INFORMATION SHOWN:
--

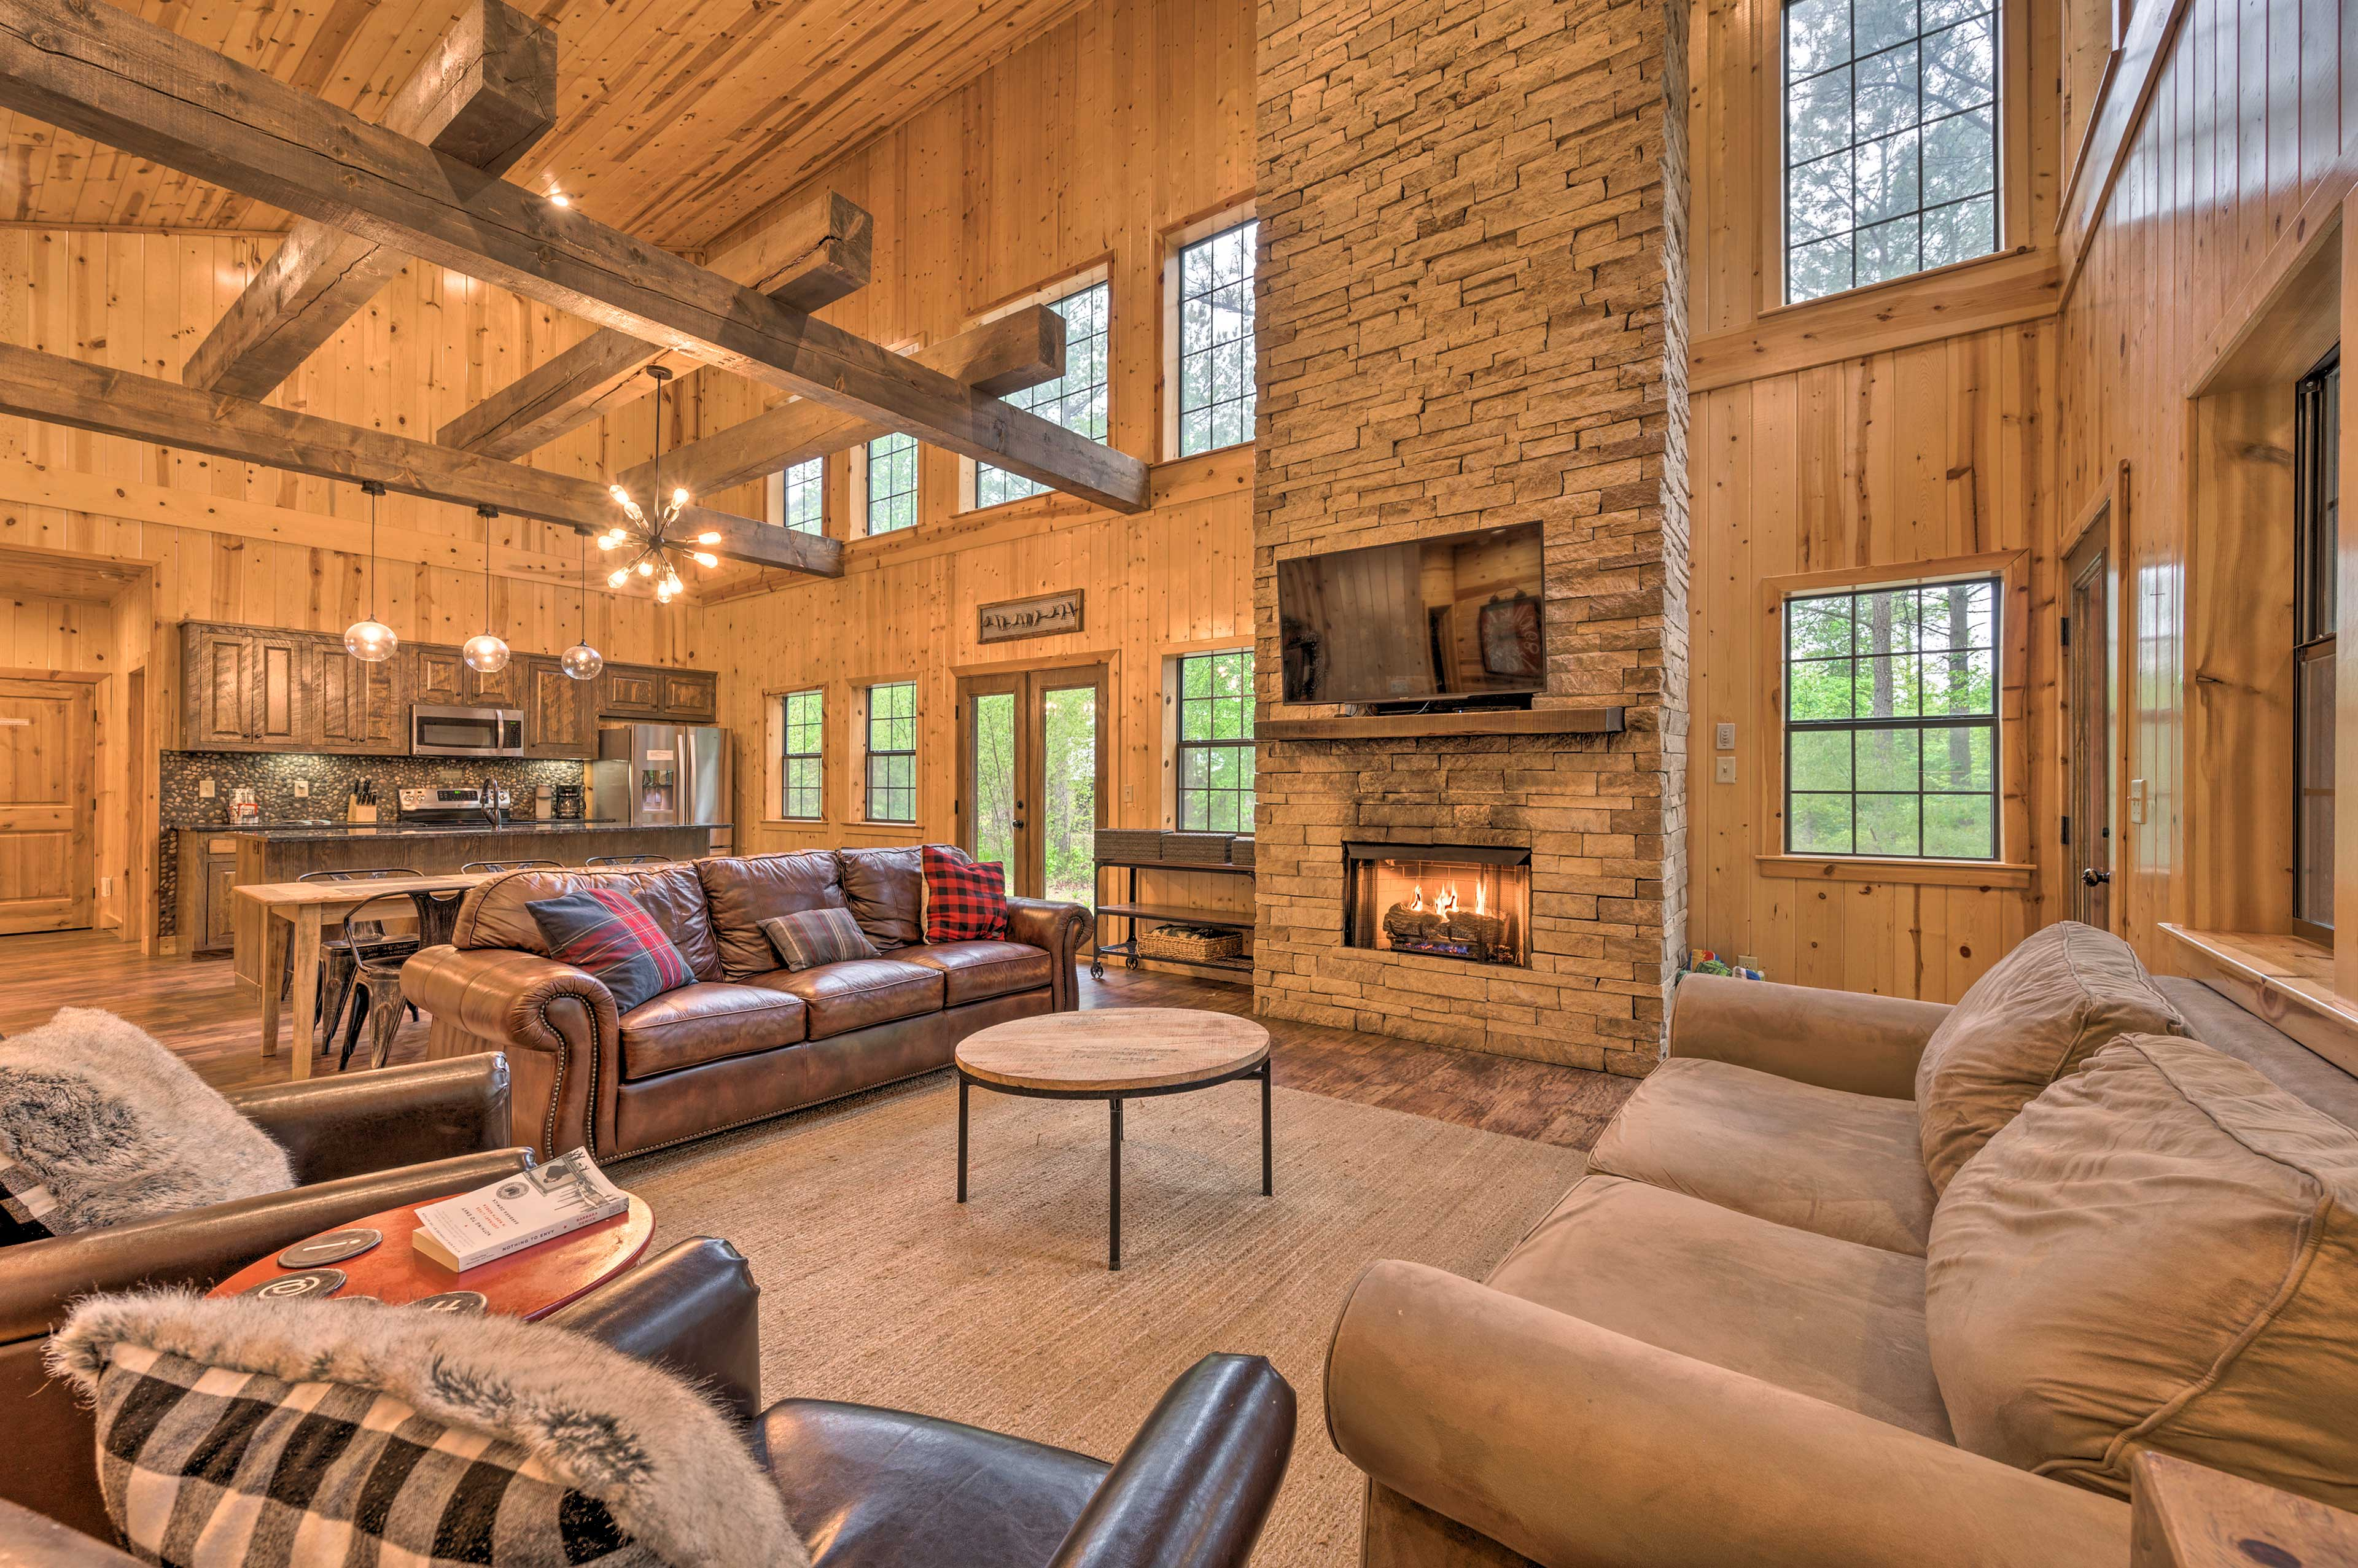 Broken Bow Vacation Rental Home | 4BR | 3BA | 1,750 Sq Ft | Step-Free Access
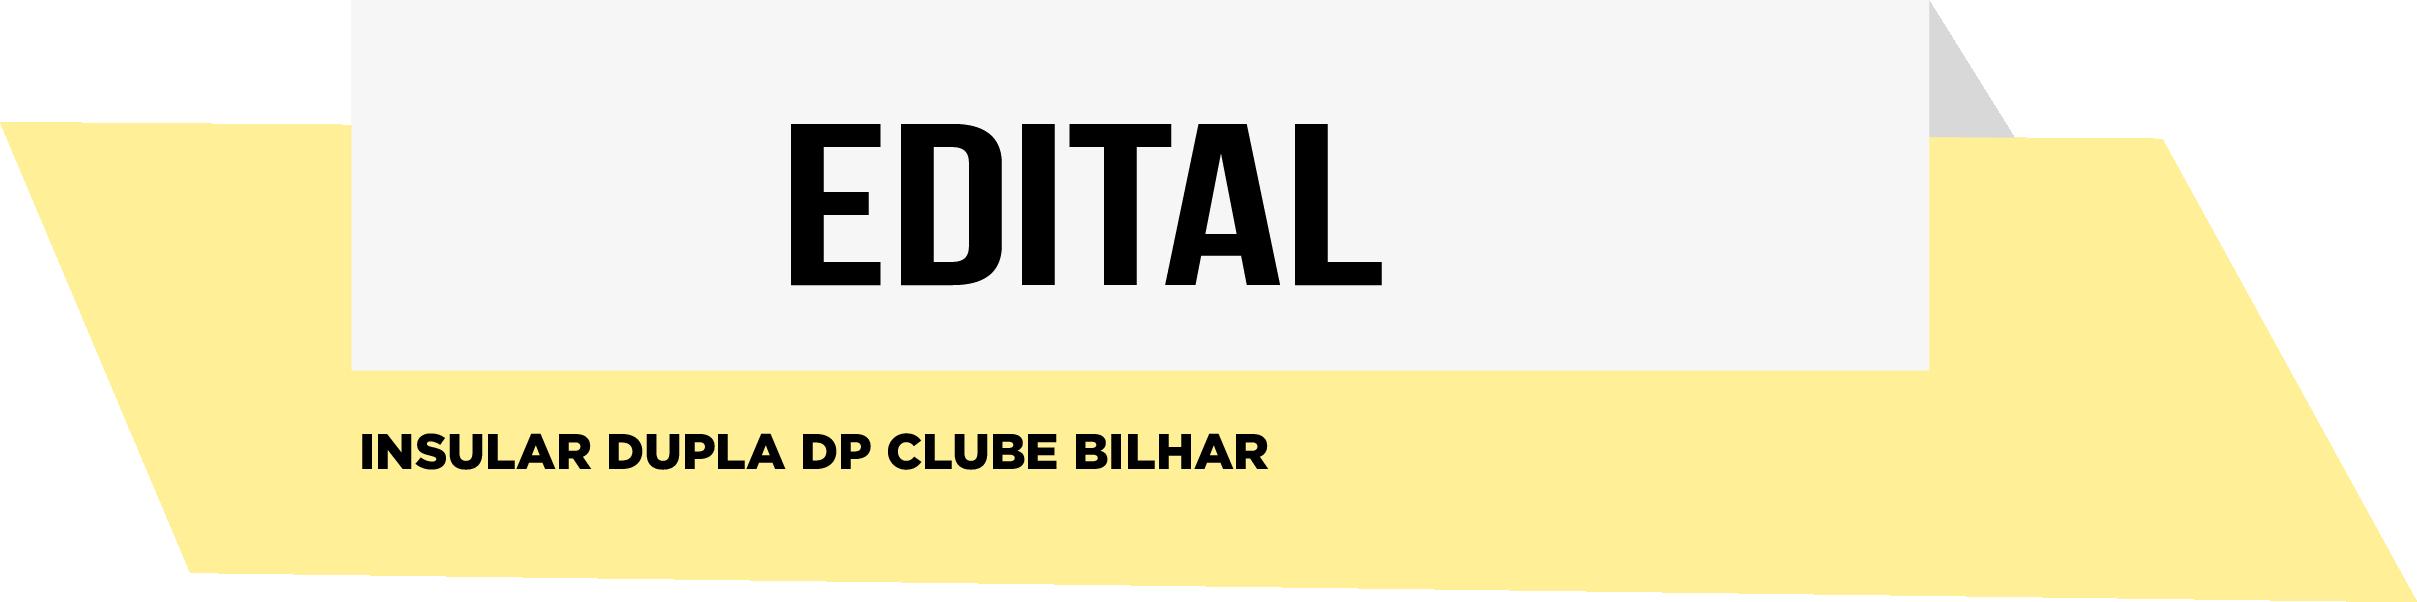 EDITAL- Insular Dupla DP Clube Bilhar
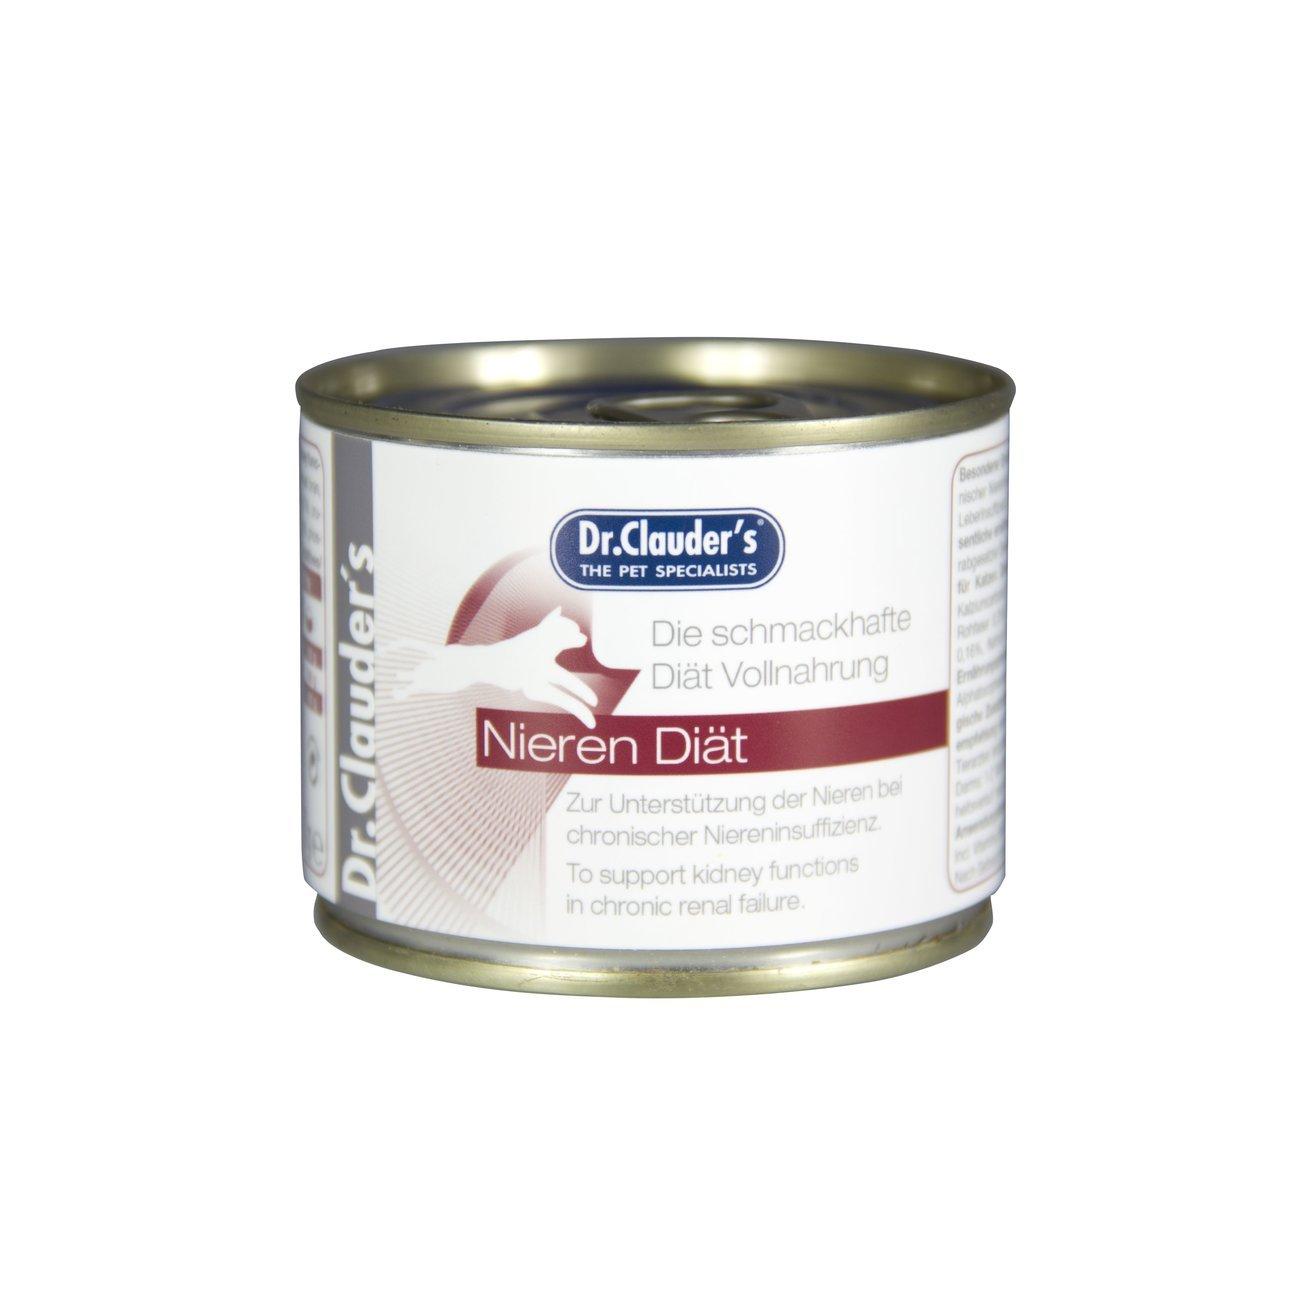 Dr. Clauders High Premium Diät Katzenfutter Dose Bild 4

--

Word for word, repeat only the lines from the line containing "EDITAL- Insular Dupla DP Clube Bilhar" through the end of the data, without any pictures.

ANSWER BOX:
 EDITAL- Insular Dupla DP Clube Bilhar
 Dr. Clauders High Premium Diät Katzenfutter Dose Bild 4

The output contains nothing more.